Training a Convoluted Neural Network to Model the Early Universe

The Cosmic Microwave Background (CMB) radiation is the remnant of the birth of our Universe. For the first 200 Million years, the Universe was too hot and dense for atoms to form so protons and electrons roamed freely. Soon after, the Universe cooled down and atoms of hydrogen began to form. This period of our Universe is called the Epoch of Reionization (EoR) which occurred between 200-Million years to about 1 Billion years after the Bing Bang. This ushered in the first star formations and the CMB radiation that was initially detected. The Hydrogen of Epoch Reionization Array (HERA) in South Africa wants to build a detailed 3-Dimensional model of the evolution of the Universe that begins at the EoR period. The Universe is abundant in Hydrogen and HERA uses its large radio antenna array to detect fluctuations of neutral Hydrogen gas which emit at a unique wavelength of 21cm. As the 21cm signal travels across spacetime, it is redshifted. We can detect and measure the fraction of hydrogen that is ionized at a particular redshift by observing the redshifted emissions. This allows us to use the 21cm measurements to accurately reconstruct the optical to the last scattering surface of the CMB.

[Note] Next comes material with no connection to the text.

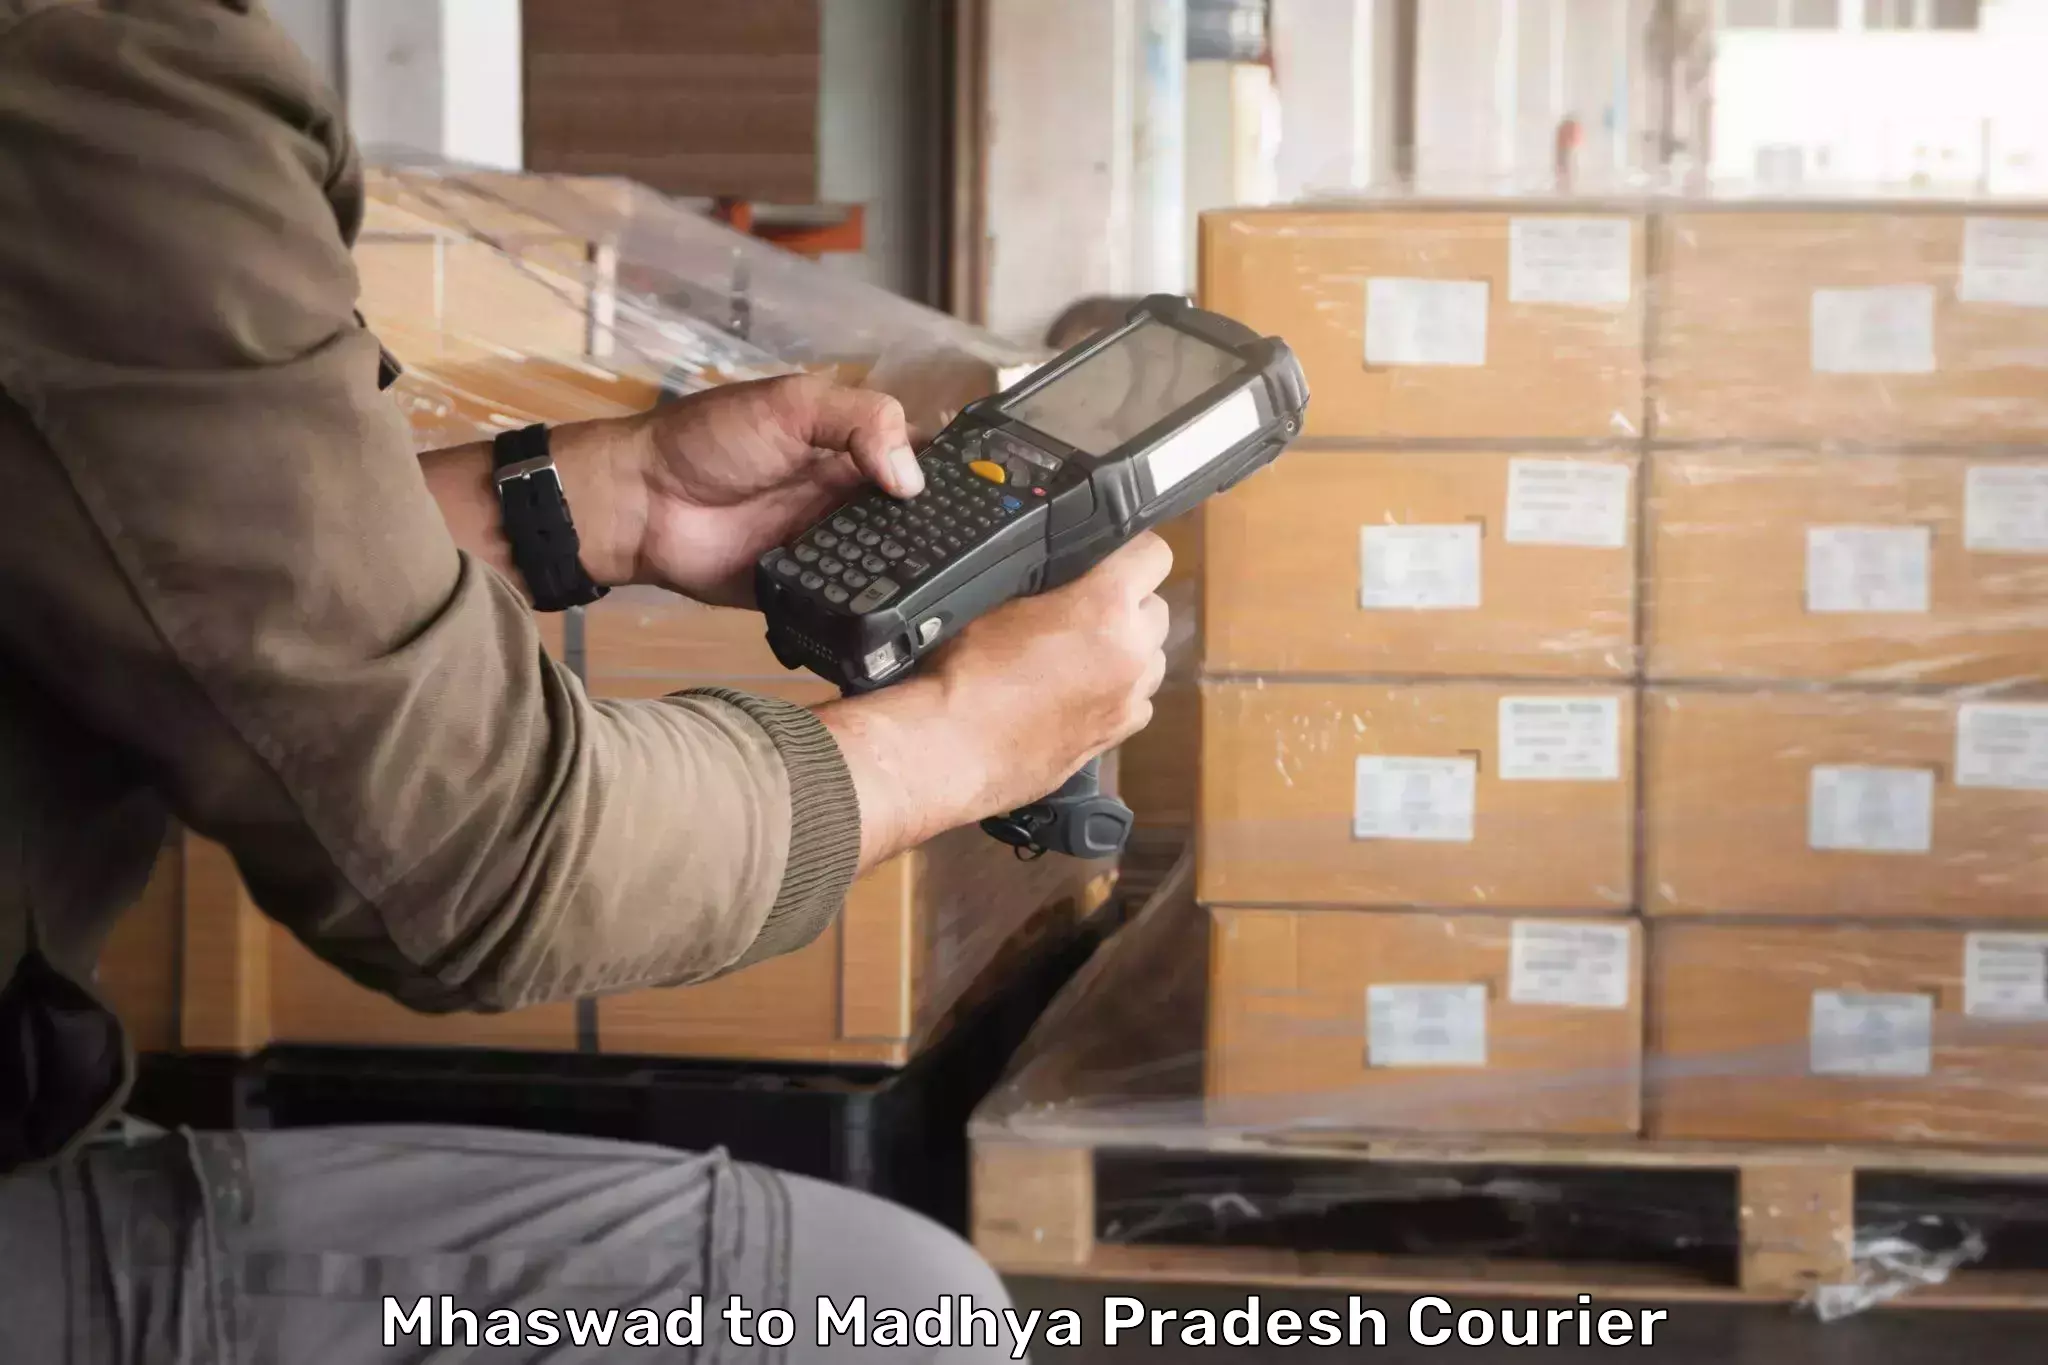 On-demand courier Mhaswad to Madhya Pradesh

I took 2-Dimensional slices of the EoR period from a toy mode at a particular redshift to train a Convolutional Neural Network (CNN) to identify dense regions of hydrogen gas. The algorithm mimics how neurons in the visual cortex process images. It adds weighs and biases to pixels of an image which the algorithm uses to learn from so it can make predictions about future data. The algorithm identifies what fraction of the test image corresponds to ionized regions to reconstruct the ionization history as we survey the different redshifts. The CNN normalizes the image after every convolution to make the learning process easier. After normalization, a MaxPooling function is used for the first two convolution layers to reduce the image size and capture key features of the ionized regions in the image. The data is passed through Hidden Layers which transfers the output from previous layers as inputs to the next layers. I tested a variety of CNN architectures for a 32×32 pixel image. The final CNN architecture was made up of an initial convolutional layer that began with 16 neuron inputs. The CNN takes an unorthodox approach by increasing the neuron inputs then reducing them to a single neuron output. This CNN was composed of 1,560 parameters at a noise level of 0.3. The network achieved an absolute error of 4.36% which is promising and demonstrate a network that can deal with realistic corruption of data.